I could imagine the situation where Vector might be hurtful. Someone starts using Vector in their code and it works well for some time. Until they realize they need to use .filter. Now, they either have to enter DTT hell, or refactor existing code to use Array instead of Vector.

One argument for Vector is that it makes easier proving some things about length in monadic context. I am unsure about how big currently is this "easier" factor, I think it's pretty big? But this arguments becomes obsolete if/when better support for proofs in monadic context lands in core (like mvcgen).

Maybe the main benefit of Vector is when Lean is used as a programming language and not theorem prover (which would explain why Vector is in core, but List.Vector isn't)? I still can't exactly imagine why, possibly because I never did much programming with dependant types.

Eric Wieser (Jan 15 2026 at 13:25):

Jakub Nowak said:

If there's a need for it, one can use { xs : Array α // xs.size = n } instead of Vector α n.

So is your question why we are not just using the following?

abbrev Vector (α n) := { xs : Array α // xs.size = n }

Eric Wieser (Jan 15 2026 at 13:26):

Because the answer is probably that a designated Structure means we get docs#Vector.toArray instead of docs#Subtype.val in theorem statements

Jakub Nowak (Jan 15 2026 at 13:39):

This does explain why we prefer structure over subtype, but doesn't explain why is it useful in the first place. As I mentioned, we usually prefer unbundled/curried version, when a better definition is not available.

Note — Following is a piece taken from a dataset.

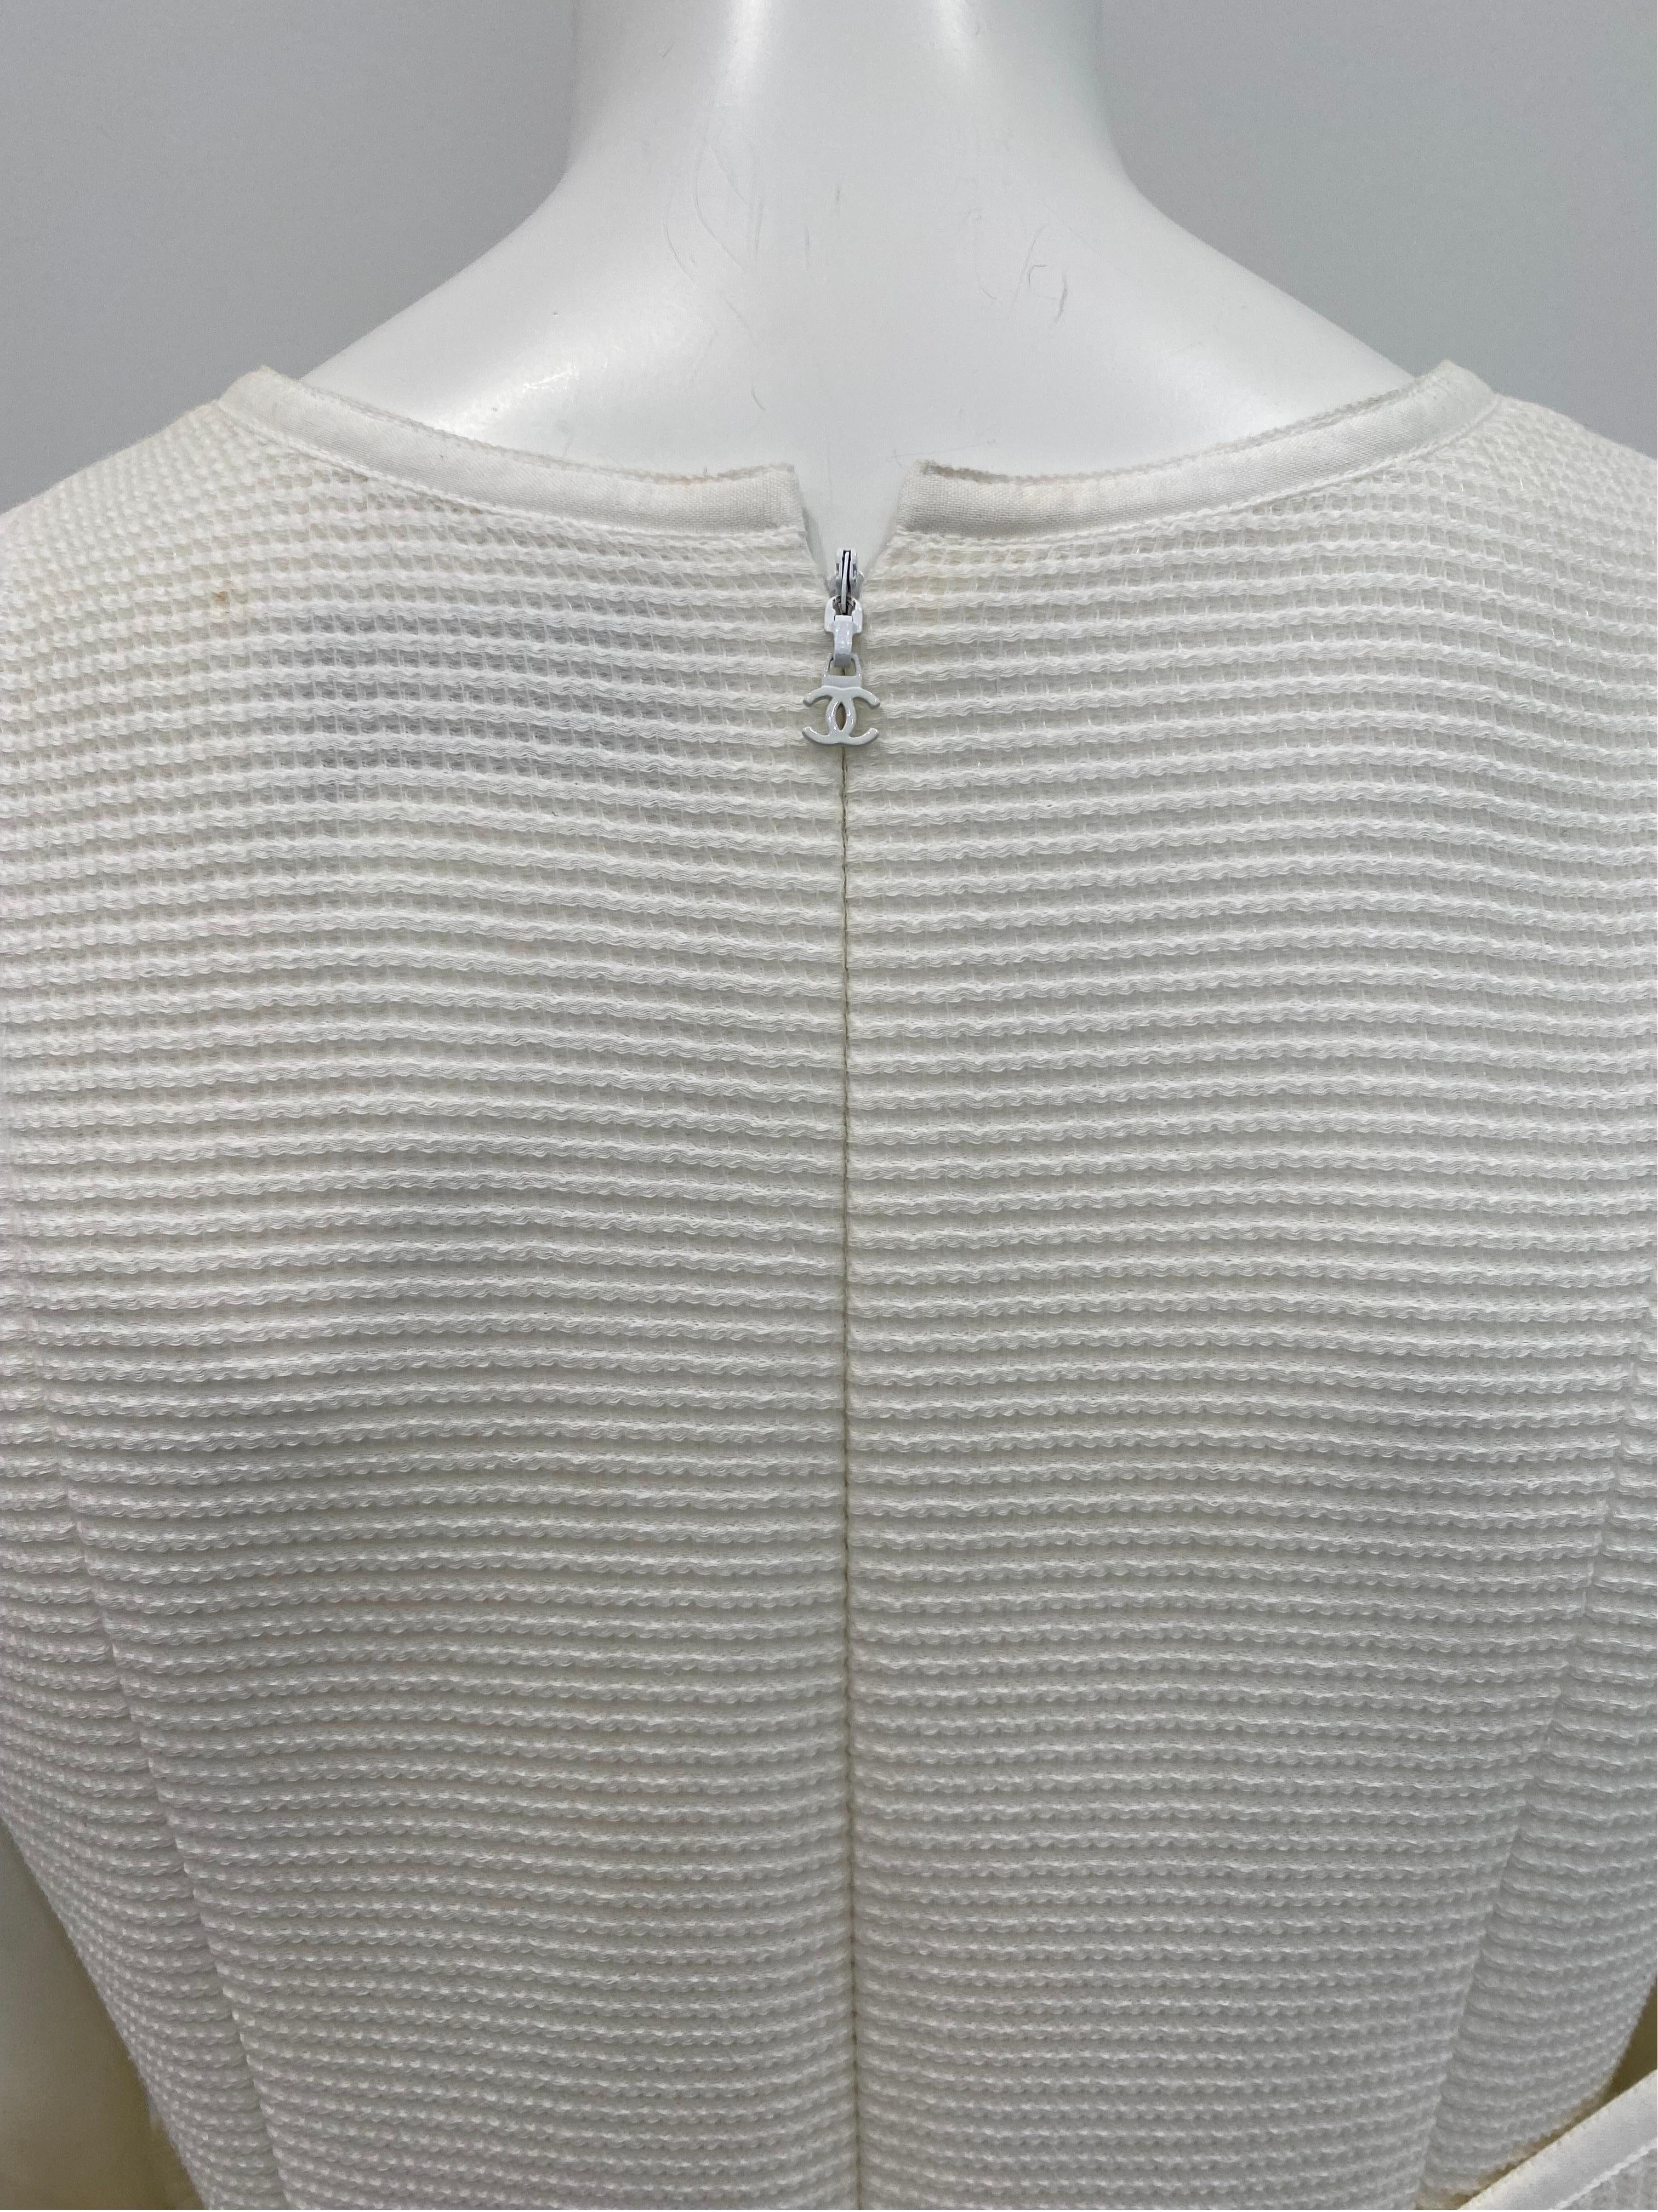 Chanel Ivory Ribbed Cotton Sleeveless Shift Dress with Jacket - Sz 42 For Sale 2

Your argument is only about naming? This sounds pretty minor to me. I would say that ability to use dot-notation would be better argument.

My question is more about, why someone would want to use bundled version in the first place? And whether it's worthwhile enough to justify maintaining this API.

Eric Wieser (Jan 15 2026 at 13:43):

You often need a bundled version when working with m (Vector α n) for some monad m

Eric Wieser (Jan 15 2026 at 13:45):

mvcgen won't help you if you need the proof to pass into the next step

Théophile (Jan 15 2026 at 13:58):

It seems that the question belongs to the broader debate of doing proofs in the intrinsic style with dependent types (e.g. as in foo) or do proofs in the extrinsic style (e.g. with the pair foo' / foo'_size). I think folklore says that doing proofs in the intrinsic style is risky (as you mentioned it may quickly lead to DTT hell, but note that this is not just an issue with Vector, but with Subtypes in general), with for example with the classic issue of Vector a (n+m) vs Vector a (m+n).

In your example, the implementation of the function foo doesn't need to know that the array has length n, here using Vector is just a convenience to prove foo preserves the length at the same time we define it. In this case I think using foo' / foo'_size is more advisable. However, there are cases where we do need in the implementation of foo to know the length of the array, in this case using Vector (or Subtype or an additional parameter that contains proof of the length) is useful.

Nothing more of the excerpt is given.